Technology, Artificial Intelligence, Robotics, the Future of Work, the Future of the American Economy and Democracy
Becton Fellowship Program
Wednesday, May 2 2018 at 11:45 am - 12:45 pm EDT
165 Whitney Ave.
New Haven, CT 06511
United States
Please join us for a Becton Fellowship lecture titled “Technology, Artificial Intelligence, Robotics, the Future of Work, the Future of the American Economy and Democracy.” It’s a conversation with Richard Trumka, president of the 12.5-million-member American Federation of Labor and Congress of Industrial Organizations (AFL-CIO), the largest organization of labor unions in the country.
An outspoken advocate for social and economic justice, Trumka is the nation’s clearest voice on the critical need to raise workers’ wages in this slow and painful recovery from the Great Recession. Trumka began his career as a coal miner and continued to work in the mines as he attended Penn State University and Villanova University Law School. In 1982, at age 33, he ran on a reform ticket and was elected the youngest president of the United Mine Workers of America (UMWA). There he led one of the most successful strikes in recent American history against the Pittston Coal Company, which tried to avoid paying into an industry-wide health and pension fund. Trumka joined an insurgent campaign and was elected secretary-treasurer of the AFL-CIO in 1995. He became the federation’s president in 2009.
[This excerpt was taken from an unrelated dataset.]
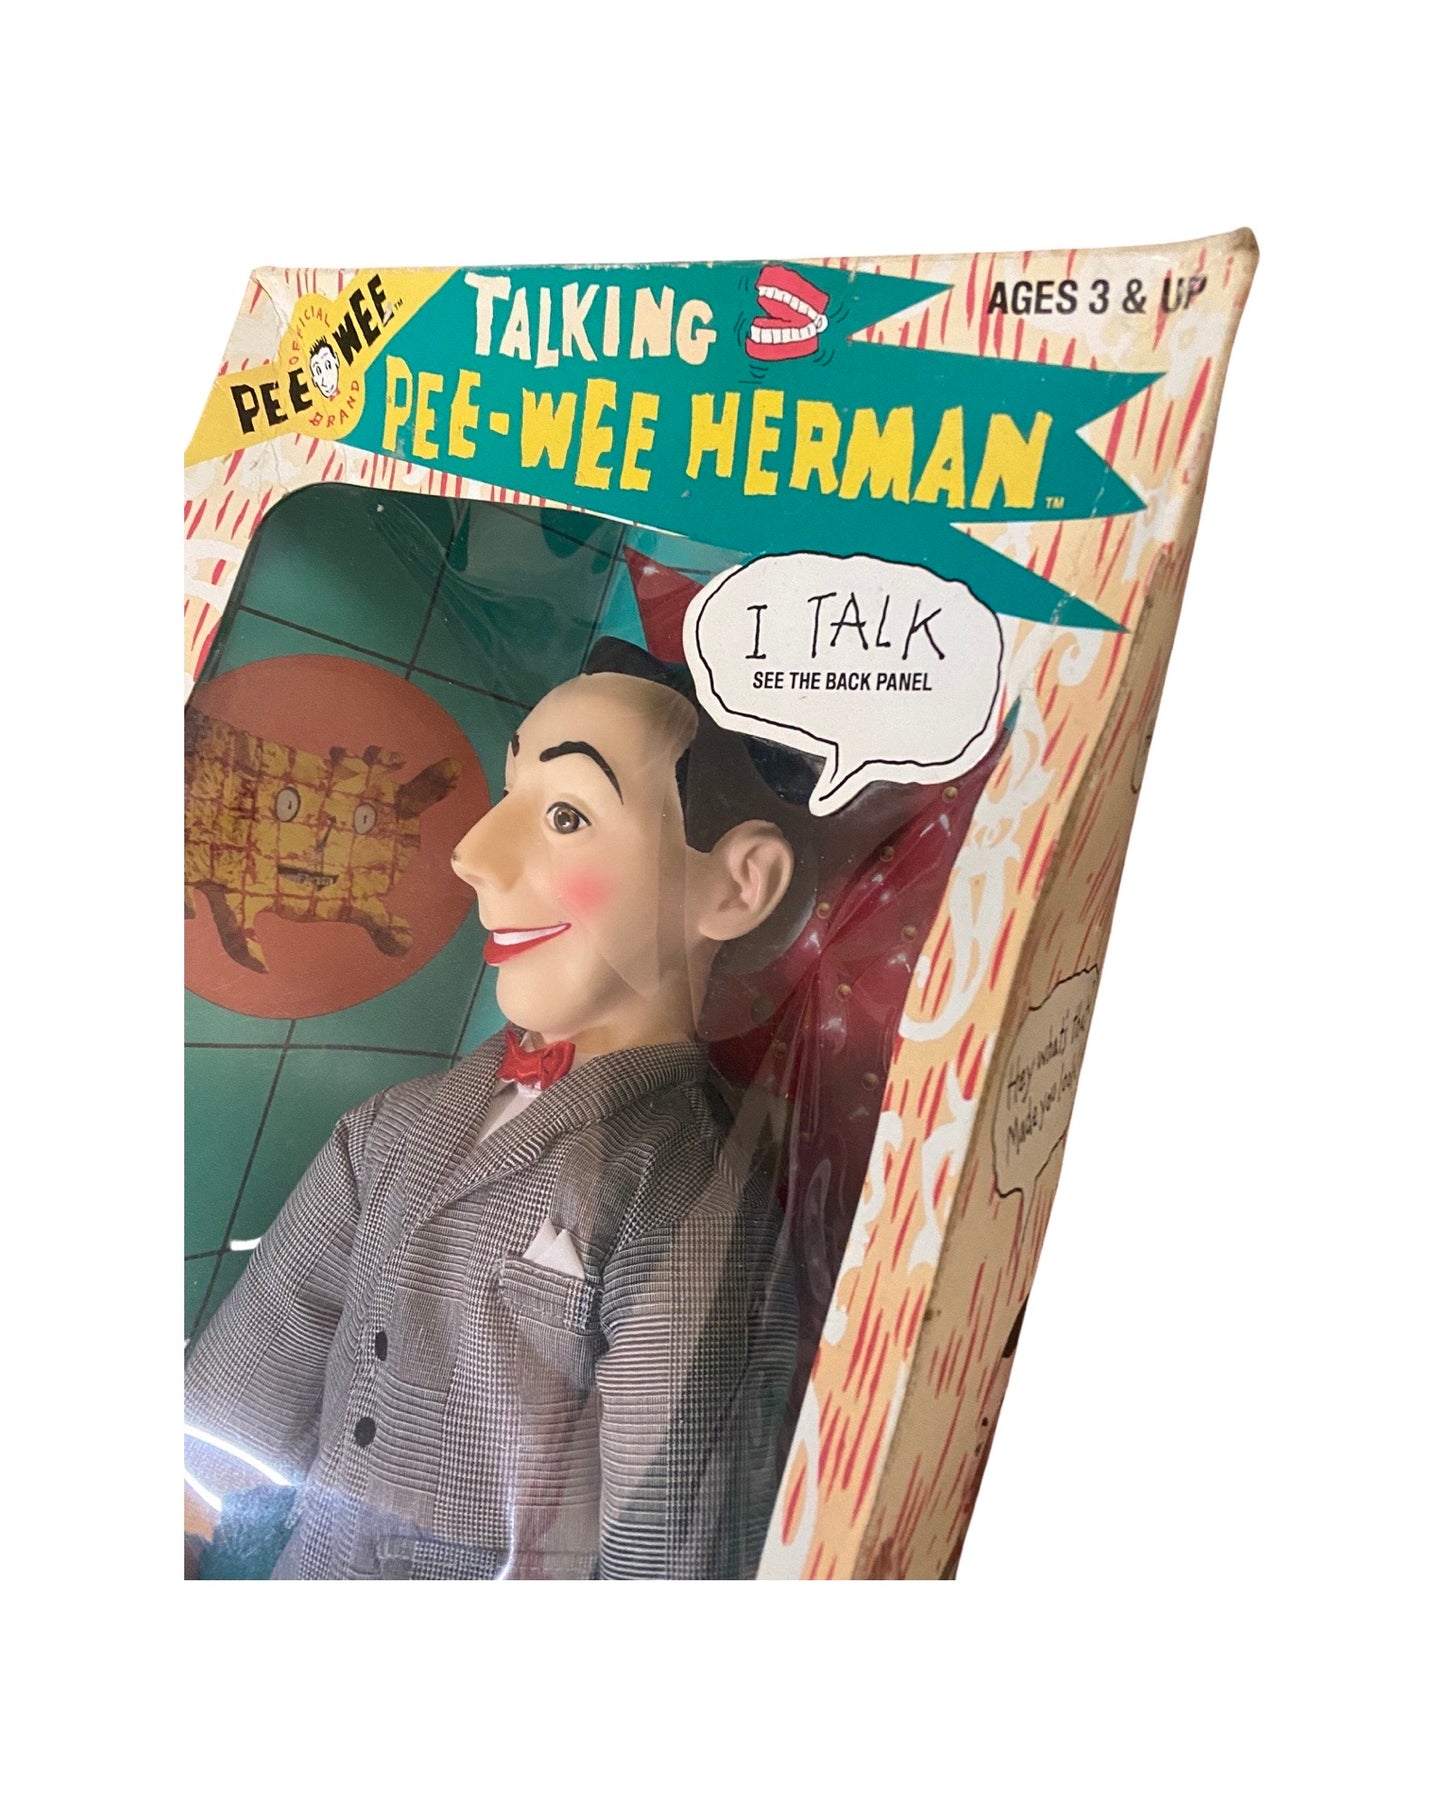 1987 Matchbox Talking Pee-Wee Herman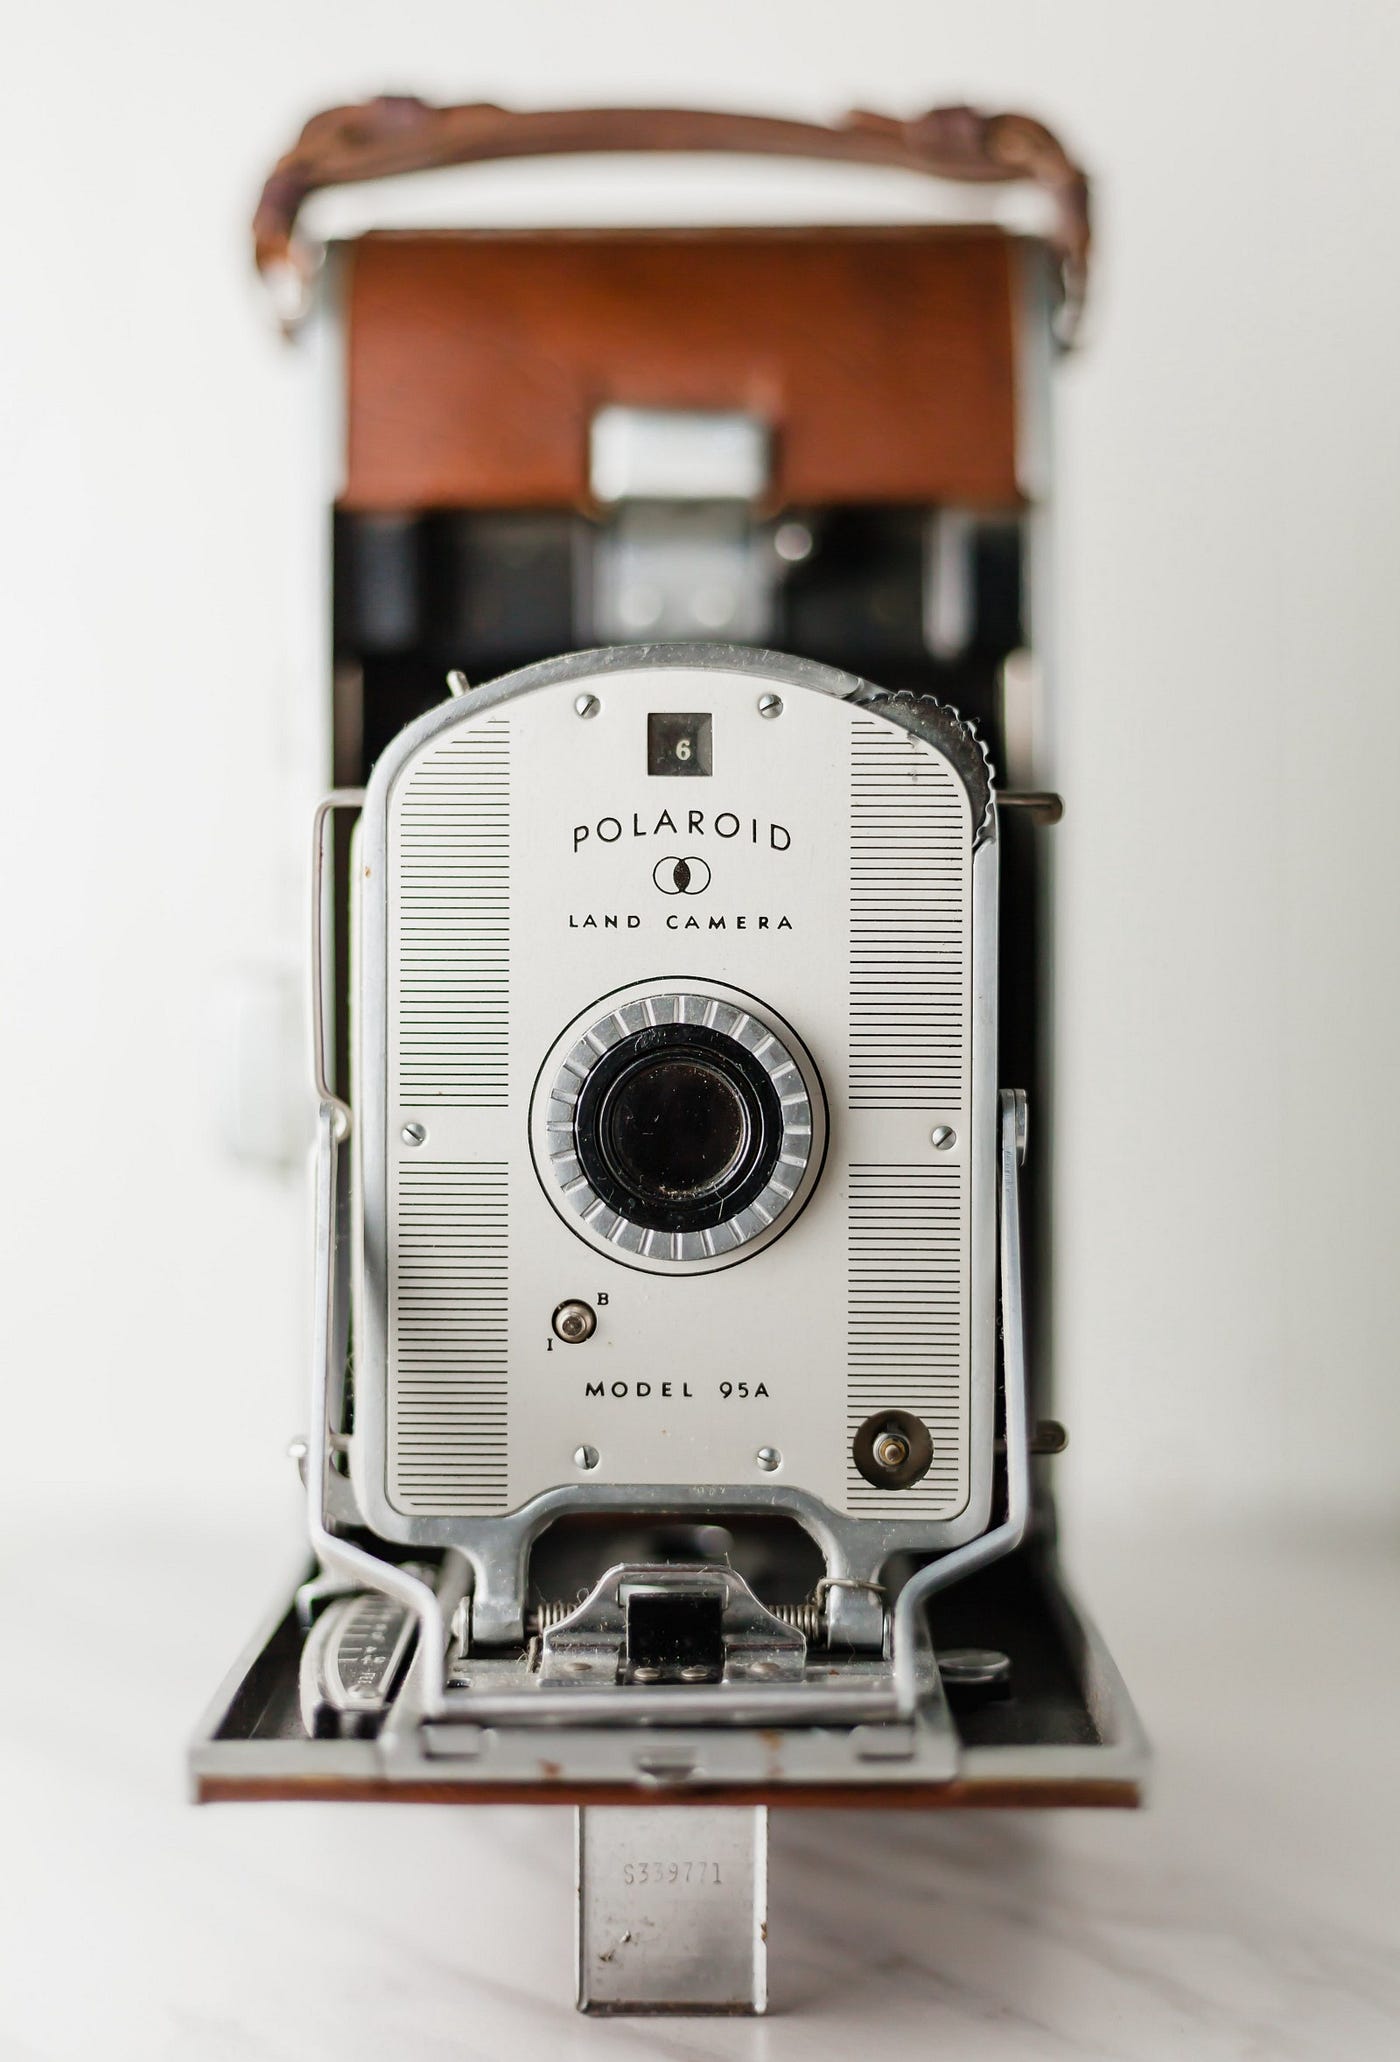 Polaroid Corporation — Wikipédia

The Becton Fellowship Program, led by Senior Becton Fellow and Yale SOM Board of Advisors Chair Timothy Collins ’82, hosts distinguished leaders from around the world for lectures, classroom visits, and candid conversations with students and faculty at Yale SOM and elsewhere at Yale. The Becton Fellowship Program was established in 1980 by medical device manufacturer Becton, Dickinson & Company in honor of company Chairman Henry P. Becton YC ’37.
Truma heads the labor movement’s efforts to build broadly shared prosperity and to hold government and employers accountable to working families. He is a tireless advocate for good jobs and for strengthening the middle class by restoring workers’ freedom to join and form unions. He works passionately to end unfair trade practices and support U.S. manufacturing. His innovative leadership has established investment programs for union pension and benefit funds in order to create long-term value for workers. He challenges excessive corporate power and abuses of workers’ rights here and abroad. He has confronted racism and classism head on—from apartheid in South Africa to mass incarceration and immigration reform in the United States.
The role of collective bargaining in American society is being revised, as the labor movement contends with the sweeping workforce changes that technology has brought to the global economy. But unions, according to AFL-CIO President Richard Trumka, are far from passé.
“People are angry,” Trumka told students at the Yale School of Management on May 2. “This system isn’t working for them, and they’re looking for a way to change the system and change the rules for them. Noting the impact of the student-led gun-control efforts, the Black Lives Matter and #MeToo movements, and recent teachers strikes, he said, “Collectivism in the United States is alive and well and on the rise.”
Trumka spoke at Yale SOM as part of the Becton Fellowship Program. Led by Senior Becton Fellow and Yale SOM Board of Advisors Chair Timothy Collins ’82, the program hosts leaders from around the world for lectures, classroom visits, and candid conversations.
In a spirited discussion moderated by Collins, Trumka touched on topics including the ideal management-labor relationship, today’s social movements, the role of unions in addressing income inequality, and how the wealth generated through technological advances will be shared.
“We have a society that’s about to face a massive change from the influx of automation, artificial intelligence, and technology,” he said. “We have to start to debate how the benefits get divided.”